▶ Exercise: The listing that follows must be retyped exactly, without its pictures.

▶ Dataset extract:
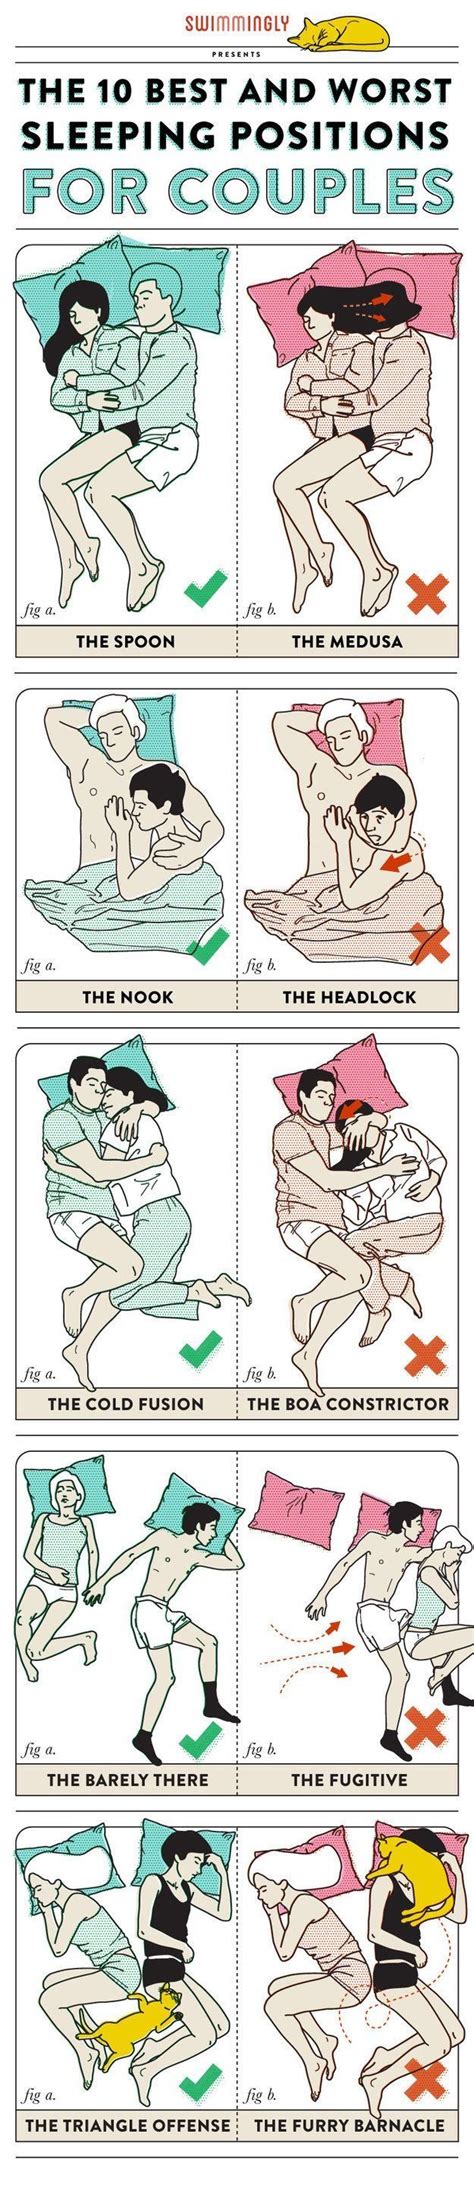 the 101 guide to couple sleeping positions and it s meaning
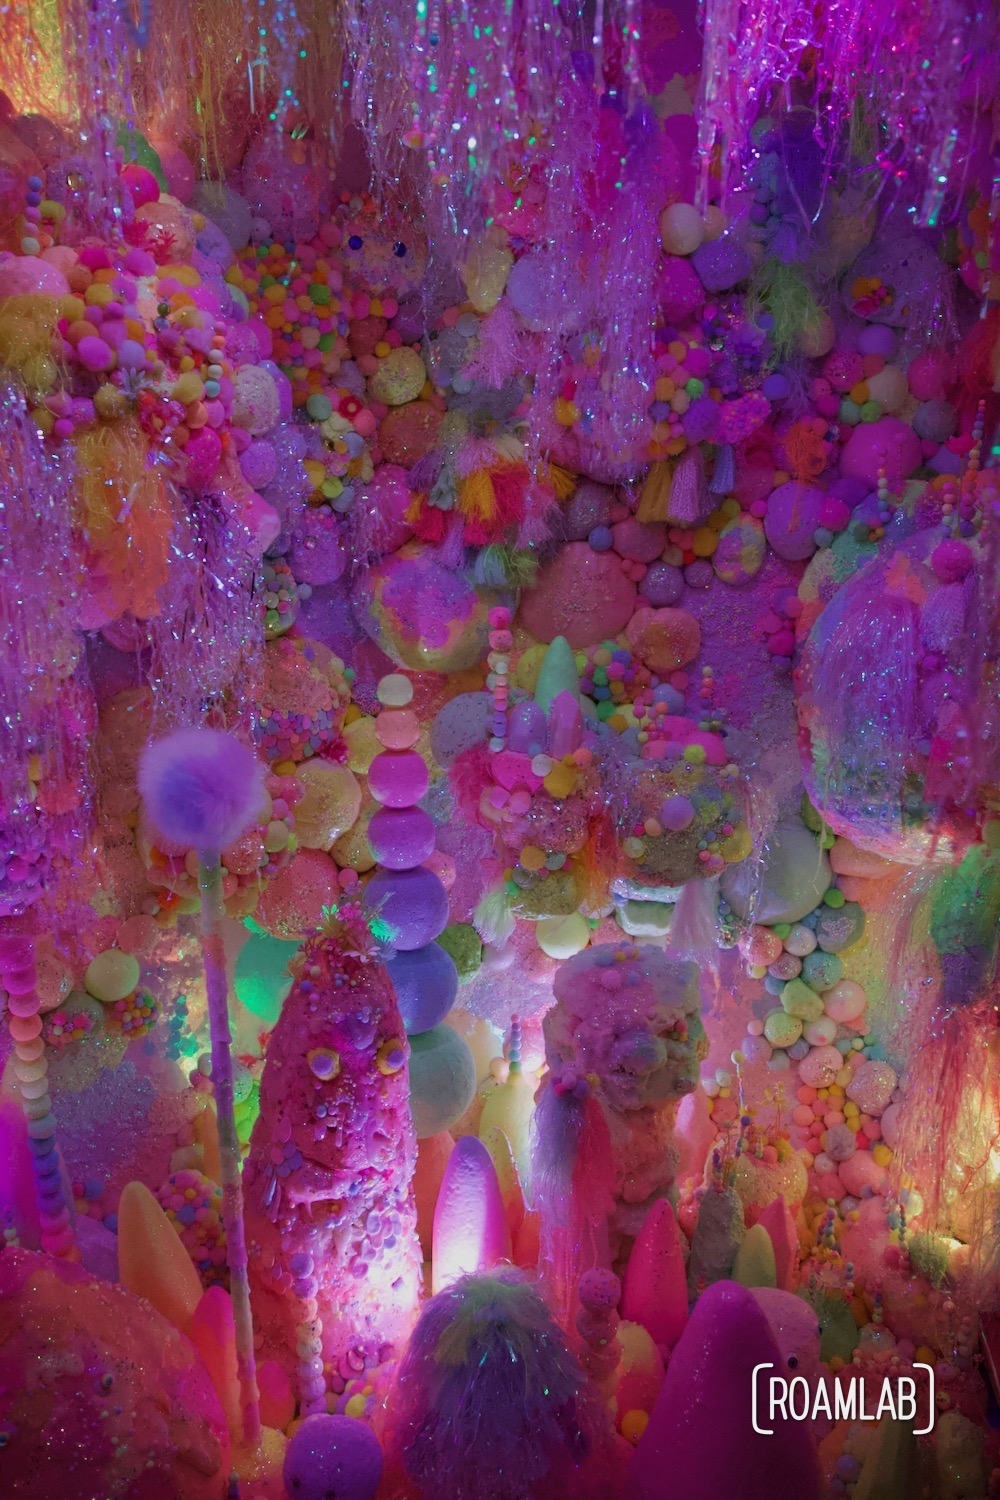 A colorful display that both looks like candy, smells like candy, but is not candy at the  House of Eternal Return, Meow Wolf's Santa Fe, New Mexico Location
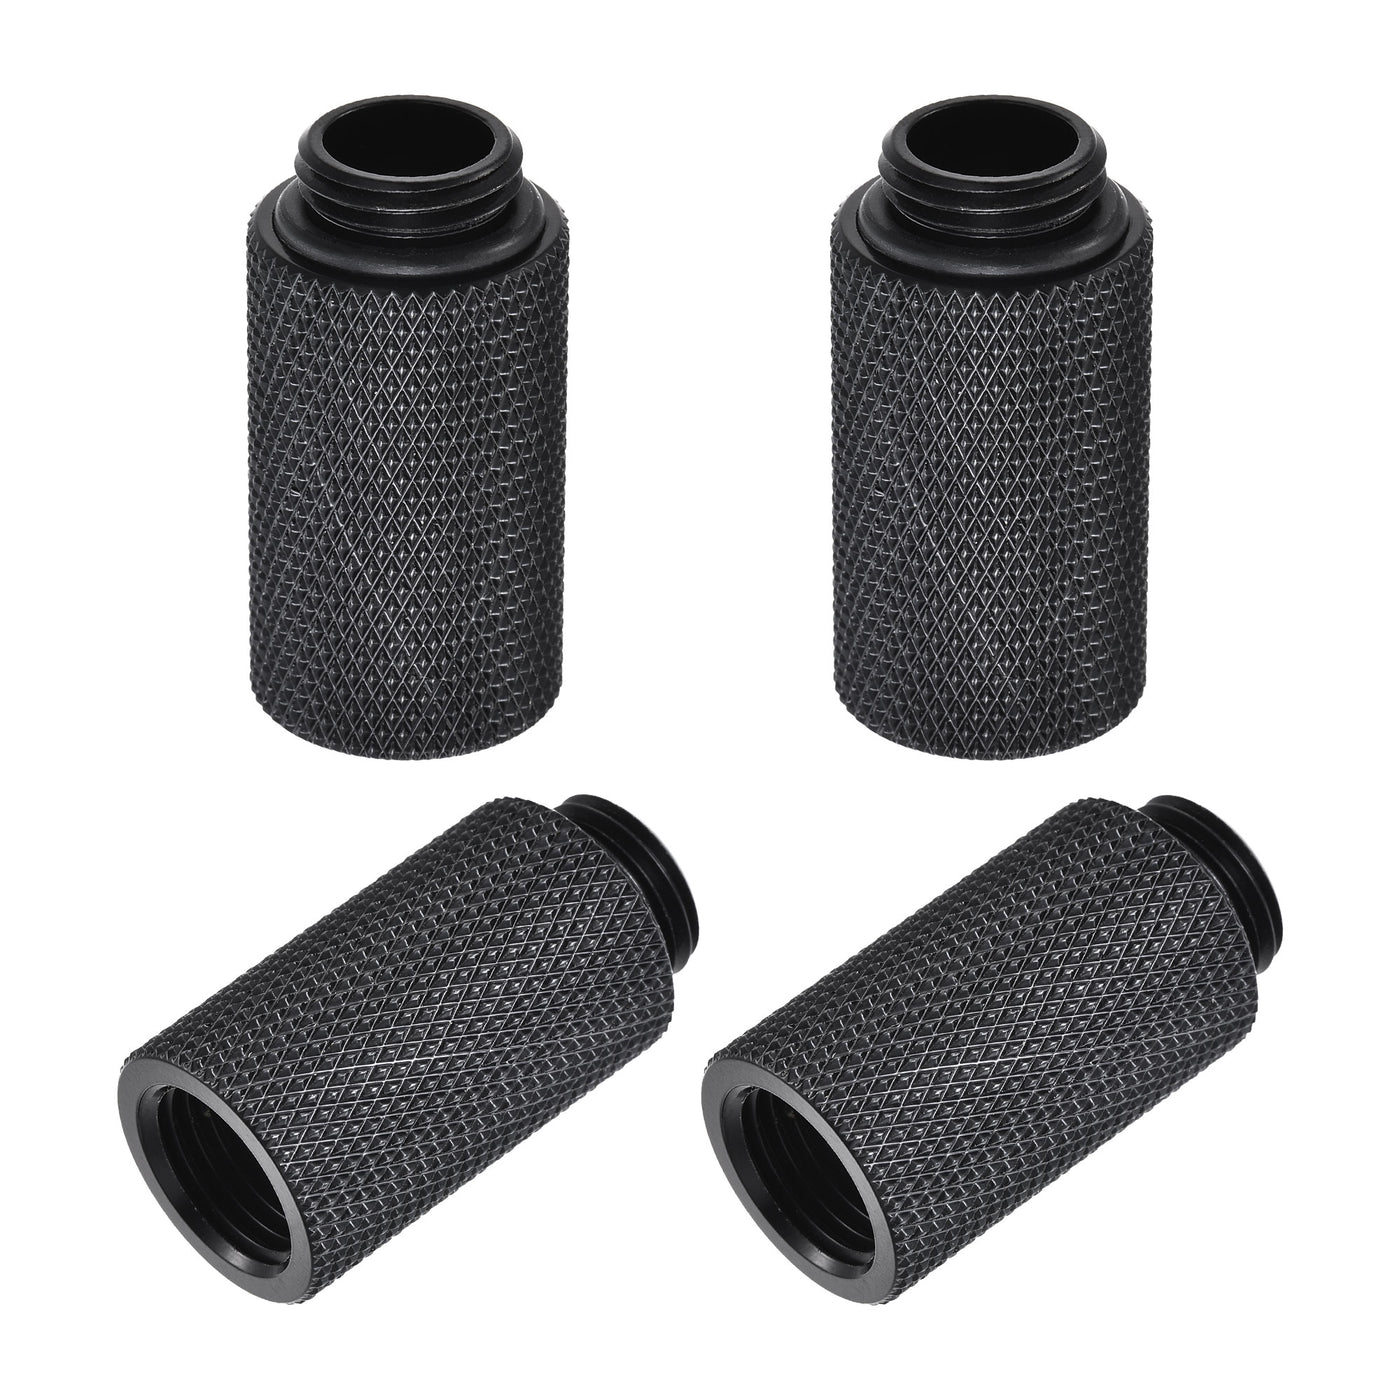 uxcell Uxcell Male to Female Extender Fitting G1/4 x 30mm for Water Cooling System Black 4pcs
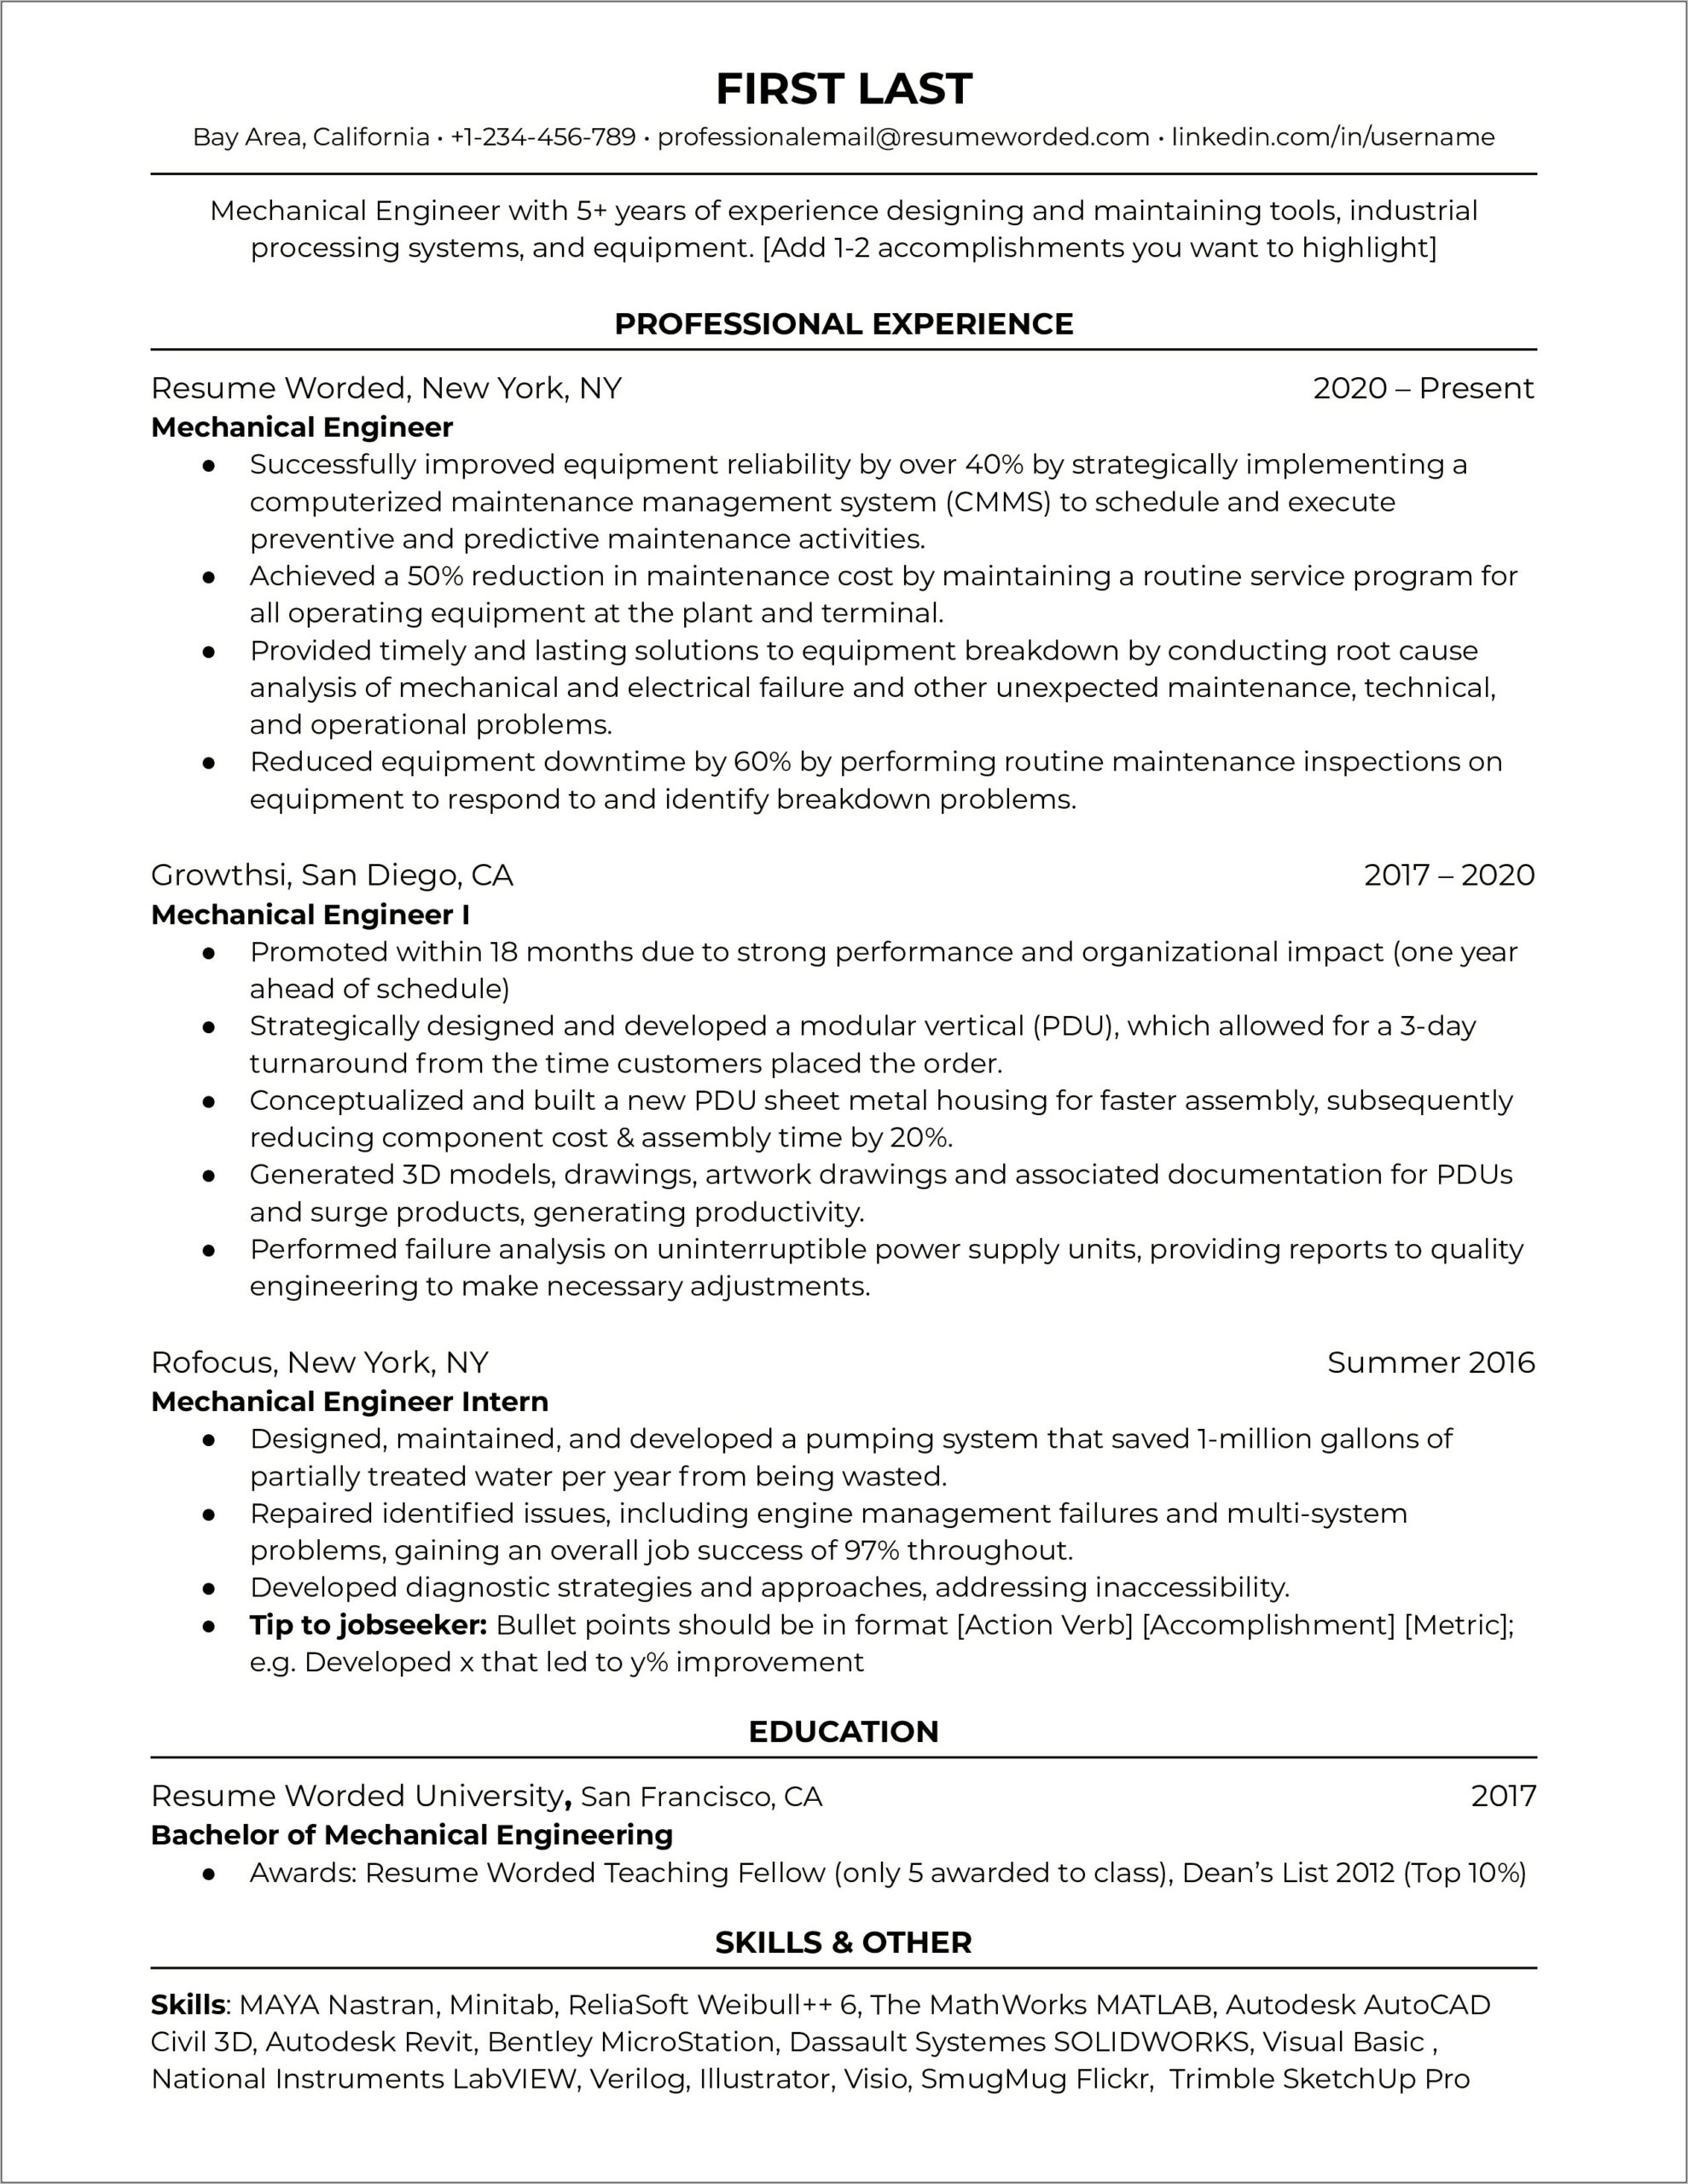 1 Year Experience Resume For Mechanical Engineer

▶ Solution:
 the 101 guide to couple sleeping positions and it s meaning
 A colorful display that both looks like candy, smells like candy, but is not candy at the  House of Eternal Return, Meow Wolf's Santa Fe, New Mexico Location
 uxcell Uxcell Male to Female Extender Fitting G1/4 x 30mm for Water Cooling System Black 4pcs
 1 Year Experience Resume For Mechanical Engineer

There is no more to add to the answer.